Having no religious inclinations himself, he begins to speculate on Tibetan Buddhism as a prerequisite for survival at such an altitude, yet makes the classic Western error of putting bodily discipline before mental striving. Later on, almost defeated by exhaustion, he is told by a fellow-traveler, Norbu, "Nobody can help you. You are on your own. You must believe inside." For his pains he's given a pebble, its dark color intended to reflect his less-than-spotless karma.
His pilgrimages now complete, he's attracted to Kazakhstan, partly for its fabled "heavenly horses" but more importantly for its vanished Aral Sea, now thought of as a scene of ecological catastrophe. The sea "has been gradually disappearing since the mid-twentieth century as thirsty Central Asian irrigation schemes, established during Soviet times, have resulted in a dramatic decline in the volume of water entering from its two tributaries." An addict of the bleak scenario, his account of the defunct harbor, with its rotting ships nestling in silt, is nonetheless unanswerable testimony to Soviet profligacy.
For light relief, he spends some time with the Khazak nomads and their celestial steeds, and is inveigled into a game of kokpar, played on horseback with a decapitated goat as prize. This game can at times be so frenzied that it's essential to keep your distance in order to avoid being wounded in the crush, but Middleton nevertheless sees it as reflecting the nature of the nomads, who have long aspired to live independently, and pays tribute to them for giving him the "primeval thrill" of life on the steppe.

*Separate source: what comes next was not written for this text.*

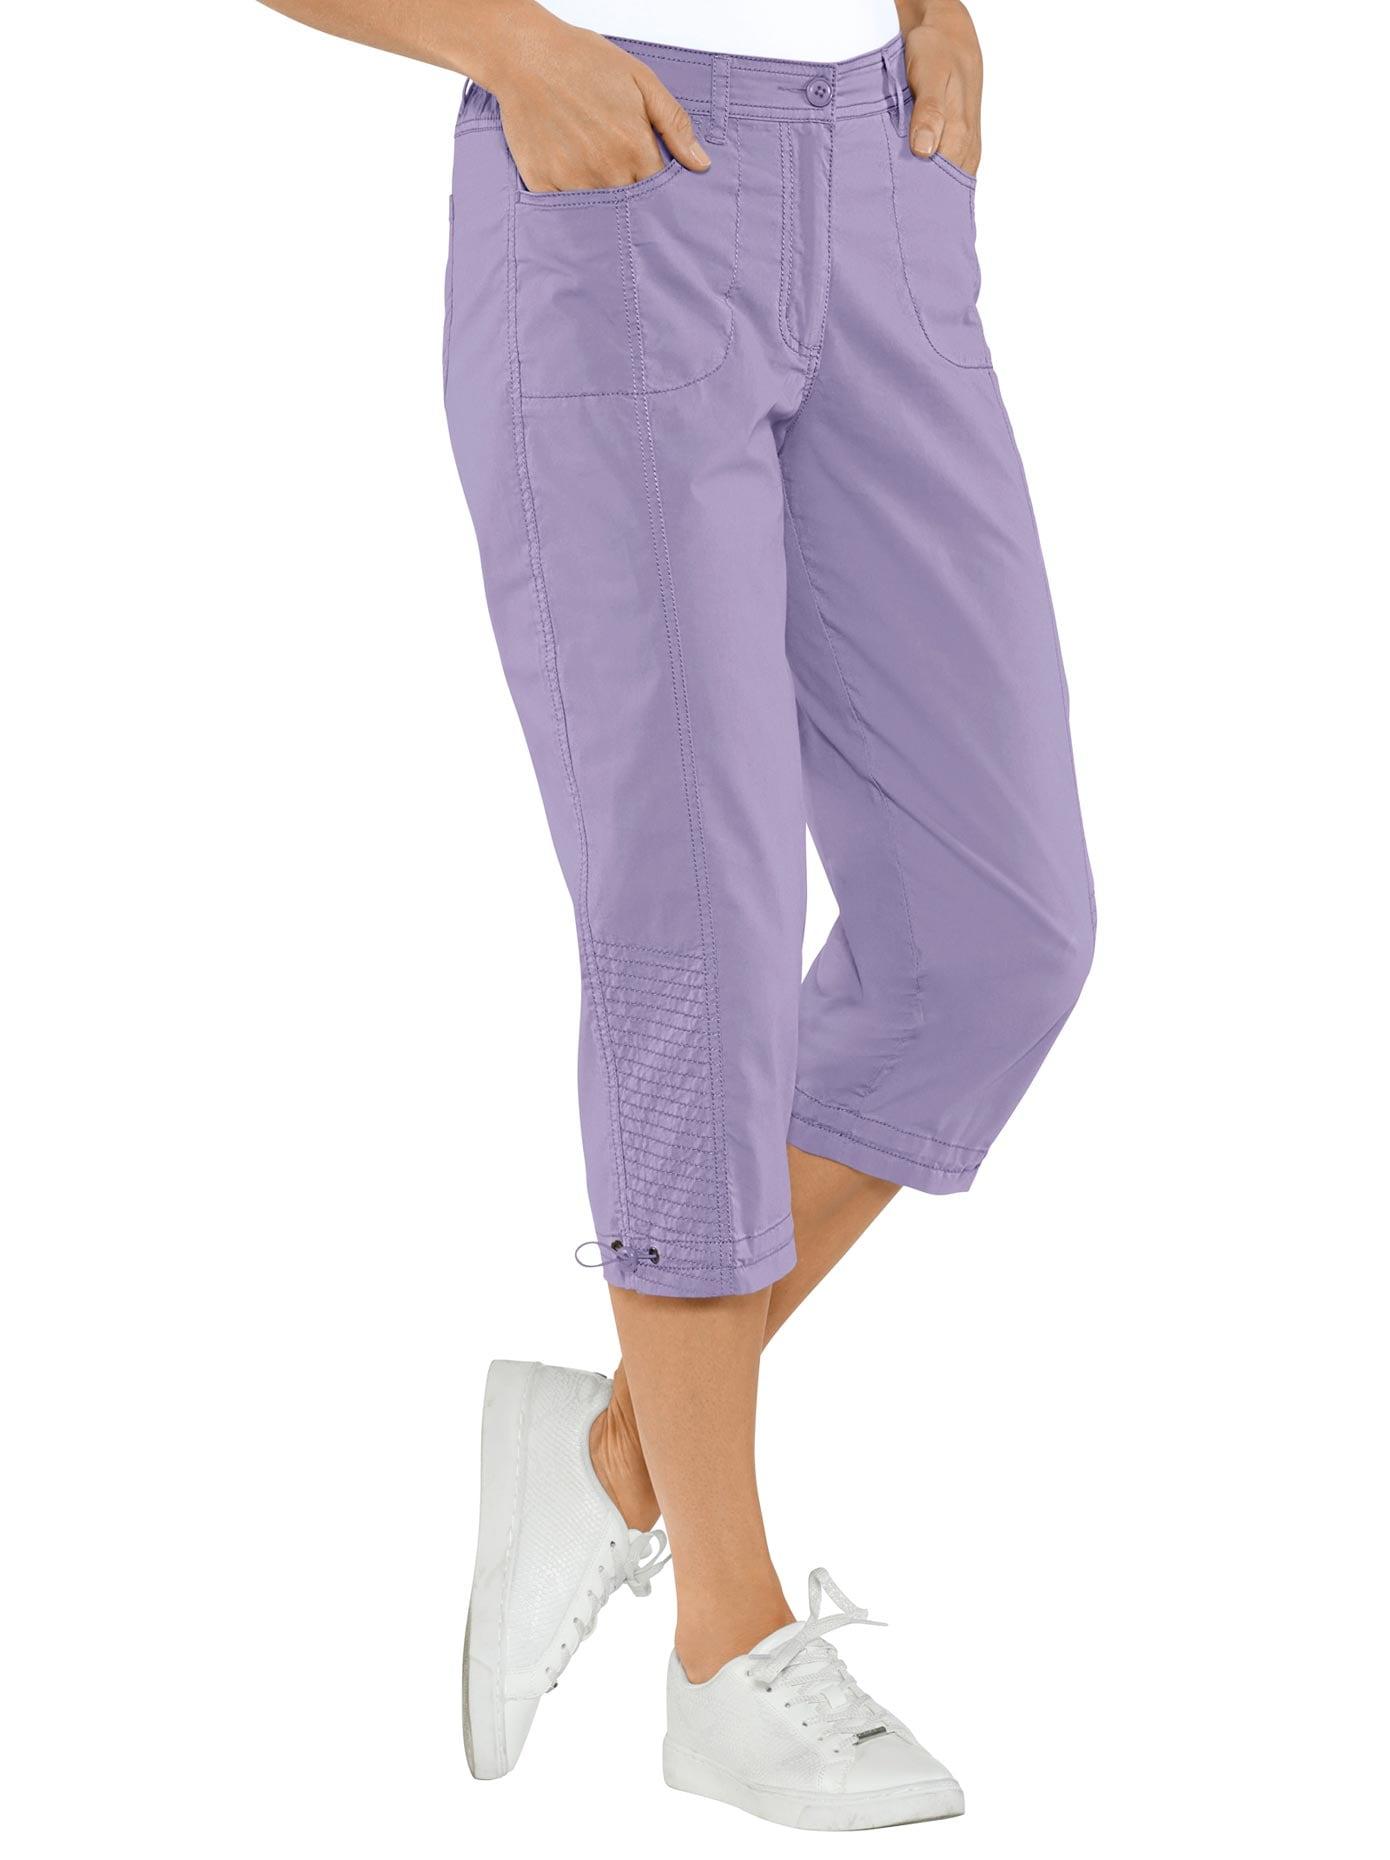 Casual Looks Capri-Hose mit rückwärtigem Dehnbund | Bekleidung > Hosen > Caprihosen | Lila | Casual Looks

Approaching his date with destiny at Rebirth Island, Middleton has serious misgivings about exposing himself to the horrors that await him -- chiefly anthrax spores -- and doubts the efficacy of the equipment he's brought along. Before approaching the "laboratories," however, he notes the absence of any sounds whatever. "No birds, just an eerie silence. It was truly a deathly hush."
On an island dedicated to the development of lethal biological warfare, this is his personal journey into the heart of darkness, and he emerges in somber mood.
"Of all the sagas of survival in extreme environments that I'd come across in my travels," he writes, the plight of anyone coming into contact with these evils "had to be placed at the lowest point on the scale. To brave the dangers of Rebirth Island took a very special blend of courage and desperation."
This account of the Silk Road, with its contrasts and exotic detail, certainly chronicles the challenges and hardships Middleton faced. But if he'd sacrificed some of the sense of his own heroism, and introduced instead more of a sense of wonder or of the absurd, the book would have proved a more entertaining read.
As it is, it constitutes at best a stop-gap for those who can't get enough of Asian travel narratives. It has little of the equanimity of Peter Fleming's classic News from Tartary (which covered some of the same territory and was also not without its comic episodes), none of the farcical brilliance of Eric Newby's A Short Walk in the Hindu Kush, and absolutely none of the personal elan and lightly-worn scholarship of Redmond O'Hanlon, these days the man to beat in the arduous-yet-hilarious travel genre.